For the SSIM-based augmentations, we tried to balance the use of patients; otherwise, some patient images would have been never chosen based on the closest image criterion, but we did not enforce perfect balance as the criterion is necessary to prevent excessive nonrealistic deformations caused by the TPS warping. For example, Fig. 3 depicts the resulting distribution for fold 0. Since for each patient we could augment based on each type of bone, this brought additional variety to the augmented samples.

Fig. 3
figure 3

Distribution of patients and generated samples by augmentation for fold 0 and each type of dataset

We relied on the Dice similarity coefficient (DSC) and the Hausdorff distance (HD) to assess segmentation results against manual reference segmentation performed by trained radiographers. By using the results of the folds testing, approaches were compared with two-sided Mann–Whitney-Wilcoxon tests with Bonferroni correction [24] to account for multiple comparisons with a significance level at 0.05. The choice of the nonparametric test was motivated by the non-normality of the data, verified with a Shapiro–Wilk test and visual assessment of corresponding Q-Q plots.

Implementation details

Our implementation relied on MONAI library [25] that is built on top of the PyTorch deep learning framework [26]. Our hardware was 4 × NVIDIA Tesla V100 SXM2 with 32 GB of GPU RAM. During training in addition to possible subsequent on-the-fly augmentation, all loaded images were initially normalized by a spatial resampling to an isotropic 1.5 mm3 voxel size and a rescaling of image intensities to the interval [0, 1]. We relied on a smart cache mechanism of MONAI that exploits images (transformed for normalization or augmentation) located on GPU caches to keep GPUs busy at each epoch: 80 images were initially put in each GPU cache, and at each epoch, 75% of the images were replaced, for a distributed training over 50 epochs. The final model was the one producing the best DICE coefficient with the validation dataset, which was tested every 30 images. We relied on MONAI library’s implementation of residual U-Net using default parameters with single-channel images. We used a loss summing the contributions of the DICE metric and cross-entropy, along with an Adam optimizer with a learning rate of 0.0001.

Ensemble models were built using the trained model of each fold. When tested on a non-segmented image, the segmentation masks inferred by each fold model were then averaged with weights corresponding to the average DICE score of each model when tested on their test datasets (obtained during the cross-validation experiments).

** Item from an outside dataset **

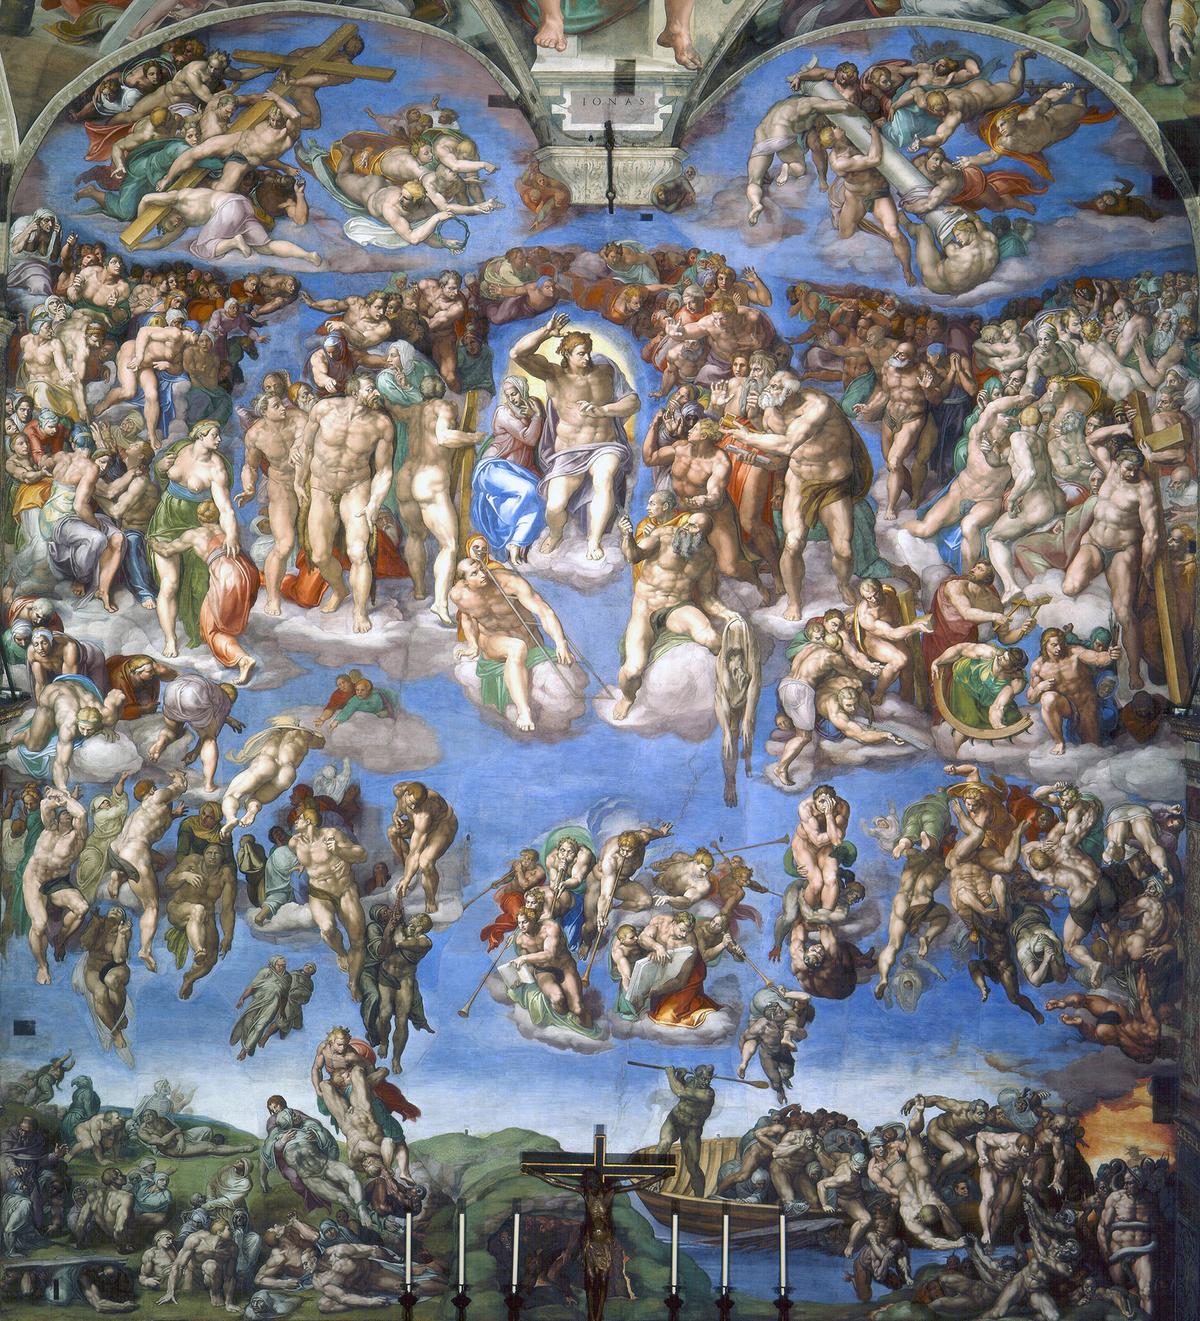 "The Last Judgment," 1536-1541, by Michelangelo. Sistine Chapel, Vatican City. (Public Domain)

Statistical shape and intensity models

On average, proximal femur and hipbone tetrahedral meshes had 8,734/52,220 and 20,626/116,062 vertices/tetrahedra, respectively. Statistical shape and intensity models were both built by keeping 95% of the total variance, which resulted in different numbers of modes for the proximal femur (17 and 71 modes for SSM and SIM) and hipbone (50 and 151 modes for SSM and SIM).

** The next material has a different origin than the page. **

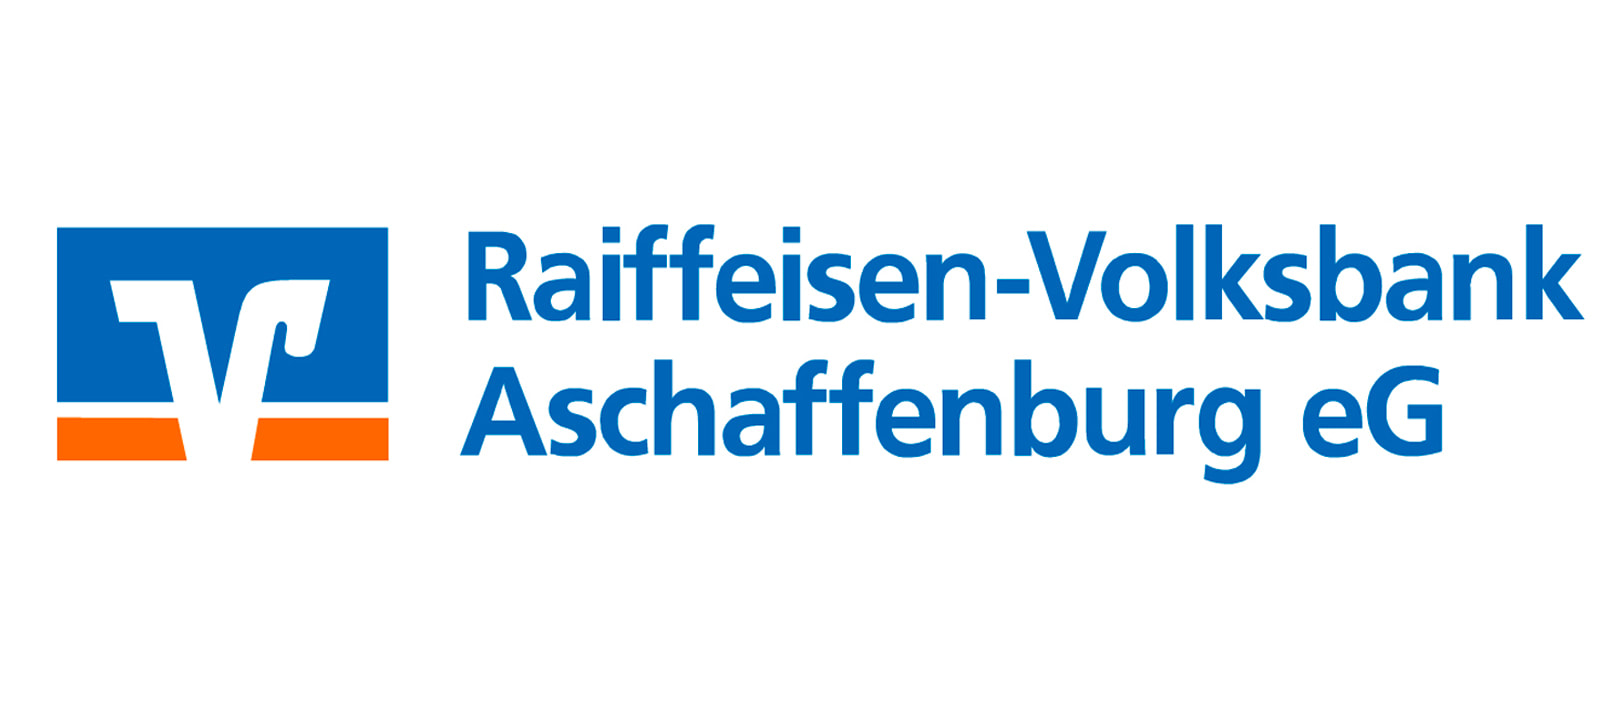 Raiffeisen-Volksbank Aschaffenburg eG

When building the SIM, the degree \(d\) of Bernstein polynomials we decided to set to 3, resulting in \(m=20\) Bernstein coefficients per tetrahedron. In fact, given the high number of coefficients and tetrahedra, resulting models are usually very large compared to SSM, so we had to balance the resolution of the mesh and the degree \(d\) to find a good compromise in terms of intensity fidelity and memory/storage constraints. To assess the impact of this choice of degree, we measured the absolute relative error in percentage between the CT intensities and those obtained by using the encoding with Bernstein polynomials. An error below 10% was obtained, with an excellent visual fidelity as depicted in Fig. 4.

Fig. 4
figure 4

Example of reconstructed intensities after encoding with Bernstein polynomials of degree 3 for a hipbone (a) and proximal femur (b). For each bone, the left subfigure corresponds to the computed tomography image, while the right is the reconstructed image using the encoded intensities

Segmentation results

Segmentation results are reported in Table 1 and Fig. 5, considering the data of all folds and for the 4 bones. In general, the two augmentation approaches using SSIM yielded better descriptive statistics (Table 1), although statistical significance on both DSC and HD metrics was only observed with the fully augmented approach Basic + SSIM (Fig. 5). Despite the absence of statistical significance for the SSIM augmentation alone, Fig. 5 highlights that many outliers occurred with the other two approaches, especially the basic augmentation with the DSC measure, which depict some large global segmentation errors. As a consequence, we also report in Table 1 the median and interquartile interval to better appreciate the performance differences between methods. The use of the basic augmentation was positive in terms of HD for both the segmentation models trained on original data (median no-aug: 8.6 versus basic: 7.35 mm, \(p\) = 0.0004 or pre-augmented data with SSIM (median Basic + SSIM: 6.16 versus SSIM: 7.81 mm, \(p\)-value < 0.0001). For the DSC measure, no statistical difference could be proven between the basic and no-aug.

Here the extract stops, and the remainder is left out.